Electrical computers and digital processing systems: multicomput – Computer network managing
Reexamination Certificate
2000-09-15
2004-11-16
Alam, Hosain (Department: 2155)
Electrical computers and digital processing systems: multicomput
Computer network managing
C709S238000, C709S236000, C709S248000
Reexamination Certificate
active
06820120
ABSTRACT:
FIELD OF THE INVENTION
The present invention relates to routing data packets in heterogeneous networks and, in one aspect, to a method for routing Open Systems Interconnect (OSI) data packets over Internet Protocol (IP) networks.
BACKGROUND TO THE INVENTION
As persons skilled in the art will appreciate, many conventional data networks, such as, for example, Synchronous Optical Network (SONET) or Synchronous Digital Hierarchy (SDH) networks, use the OSI protocol to enable communication between network elements.

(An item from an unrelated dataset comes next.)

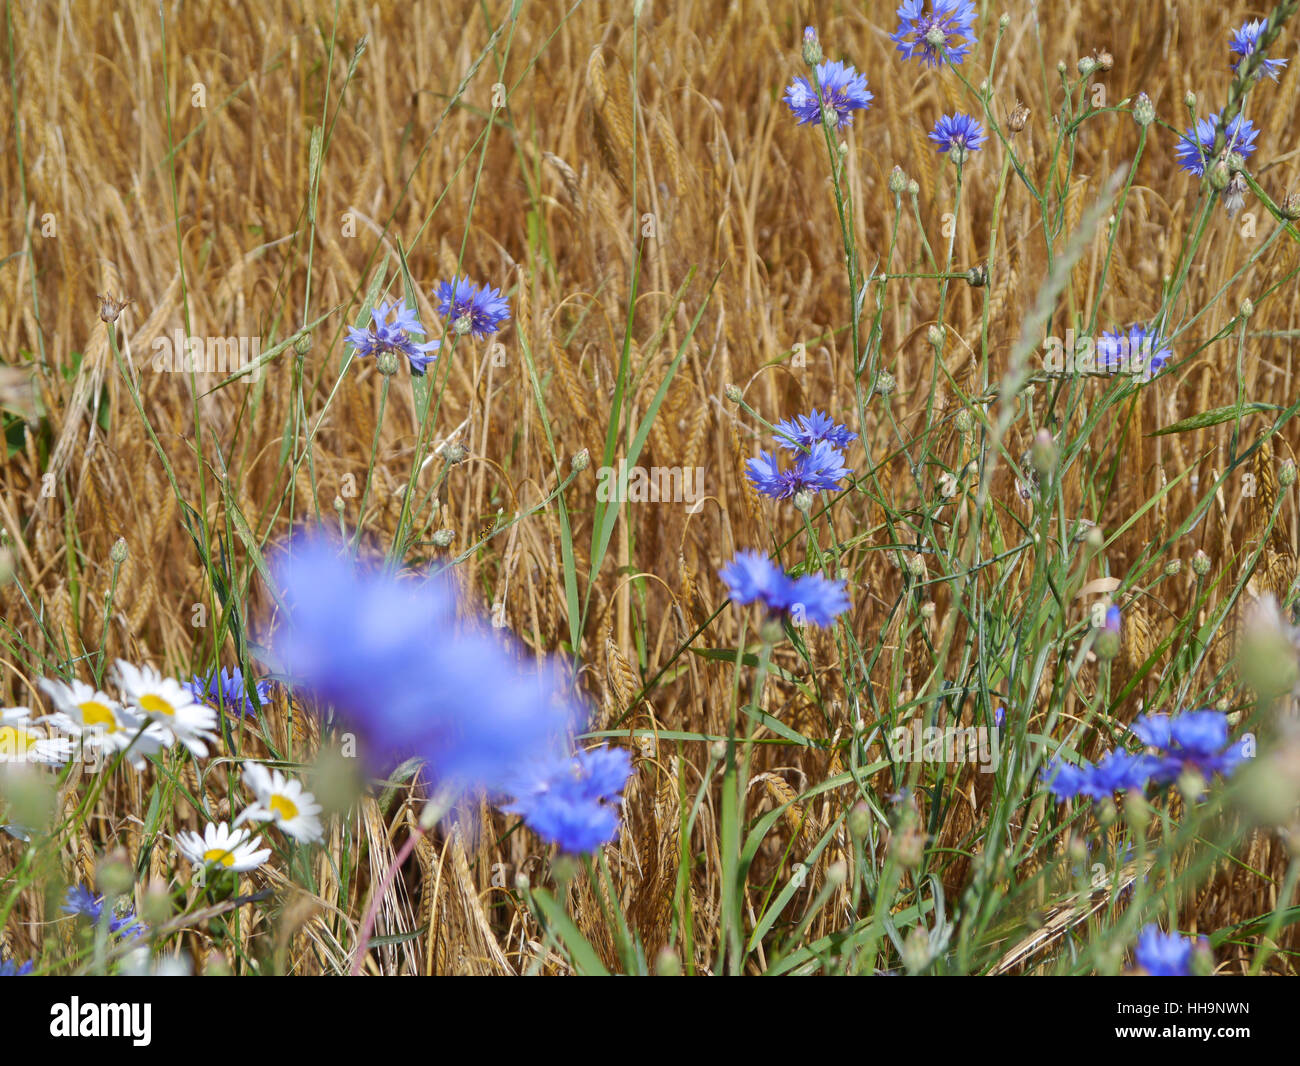 cornflowers in a barley field Stock Photo

In an OSI network there are four significant architectural entities: hosts (also known as End Systems), areas, backbones, and domains. A domain is any portion of an OSI network that is under common administrative authority and is similar in concept to an IP Autonomous System (AS). Within any OSI domain, one or more areas can be defined. An area is a logical entity; it is formed by a set of contiguous routers and the data links that connect them. All routers in the same area exchange information about all of the hosts that they can reach.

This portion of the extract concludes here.